Steps of the procotol
First step of the dataset creation was the selection of five Wikipedia pages about the Mass Surveillance controversy, the issue of the whole analysis. After a general research on Wikipedia, necessary to understand who and what is involved and to have a basic knowledge about the issue, the pages selection has been done considering the most different aspects of the argument: first of all the controversy existence, defined in NSA warrantless surveillance (2001-07) page with this sentence: «The NSA warrantless surveillance controversy ("warrantless wiretapping") concerns surveillance of persons within the United States during the collection of allegedly foreign intelligence by the U.S. National Security Agency (NSA) as part of the touted war on terror». Than was necessary to insert a general page about the topic, like Mass Surveillance, that examines it from different countrys view and situations. Another important side of this theme is the world of whistleblowers disclosures, of which Edward Snowden is the most famous and present character; indeed, today like in past, whistleblowers have revealed government and intelligence secret spying programs to general public. On the other hand, NSA and governments classify their actions as a “war against terrorism”, to prevent attacks and increasing citizens security; Terrorist surveillance program summarize the beginning of modern mass surveillance, started after the 9-11 attacks, a fundamental date for the birth of this debate.
After identifing the five pages it was necessary to extract “See Also” links from each page, to start building the network of relationships. For extract the links from the html pages it has been used an html link extractor (Extract Link Url); but for show the argument context and return a significant overview, this network has to be the largest possible: the software that allows to extract other levels of “See Also” (or rather the “See Also” of wikipedia page “See Also” and so on…) is Seealsology.
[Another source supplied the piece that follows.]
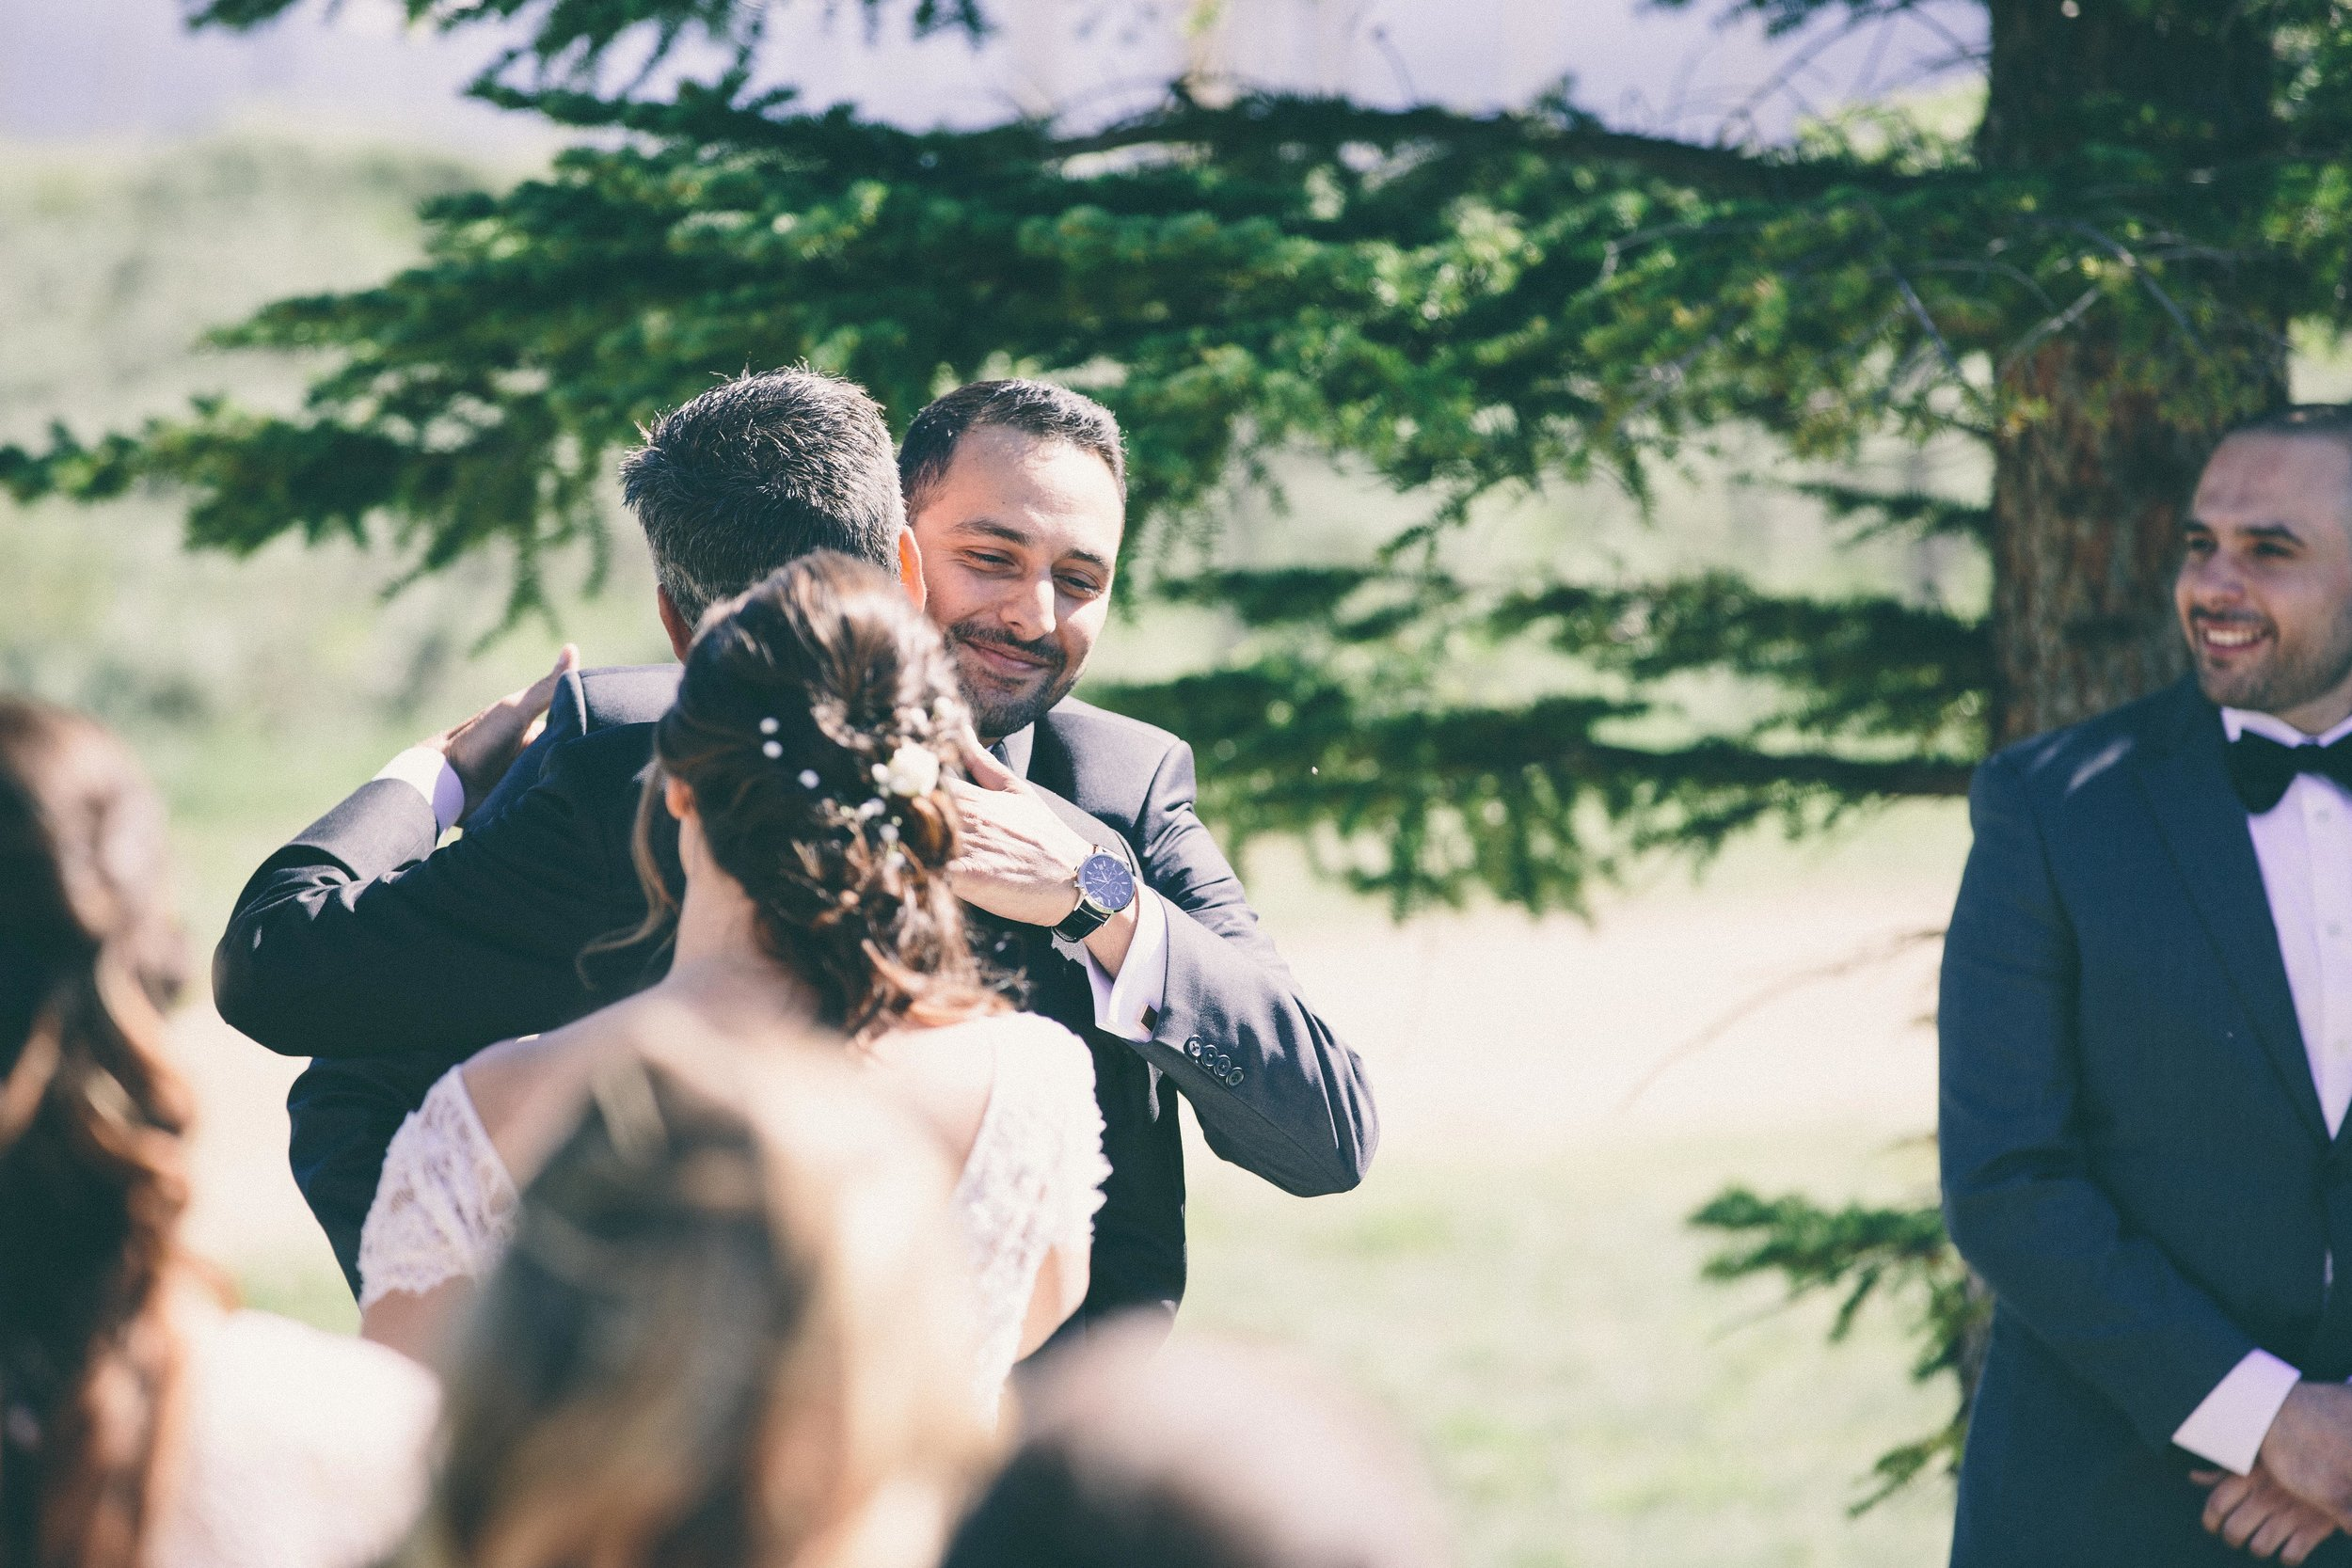 MP_16.06.19_Michael-&-Brittany-Wedding-4978.jpg

The choice has been to set the “Distance” parameter at three, that means to extract three levels of “See Also”, starting by a source including the five selected pages and the first level of “See Also”. Once obtained the csv or gexf file is ready to be imported in Gephi for the network visualization.
The network spatialization has been done using Force Atlas 2 algorithm; the InDegree value was used for rank the nodes size, while for clustering them has been used the Modularity class, a parameter that «measures how well a network decomposes into modular communities» (wiki.gephi.org). The network visualization allows to discern different sub-networks (clusters) and define the operating area in this wide and heterogeneous context.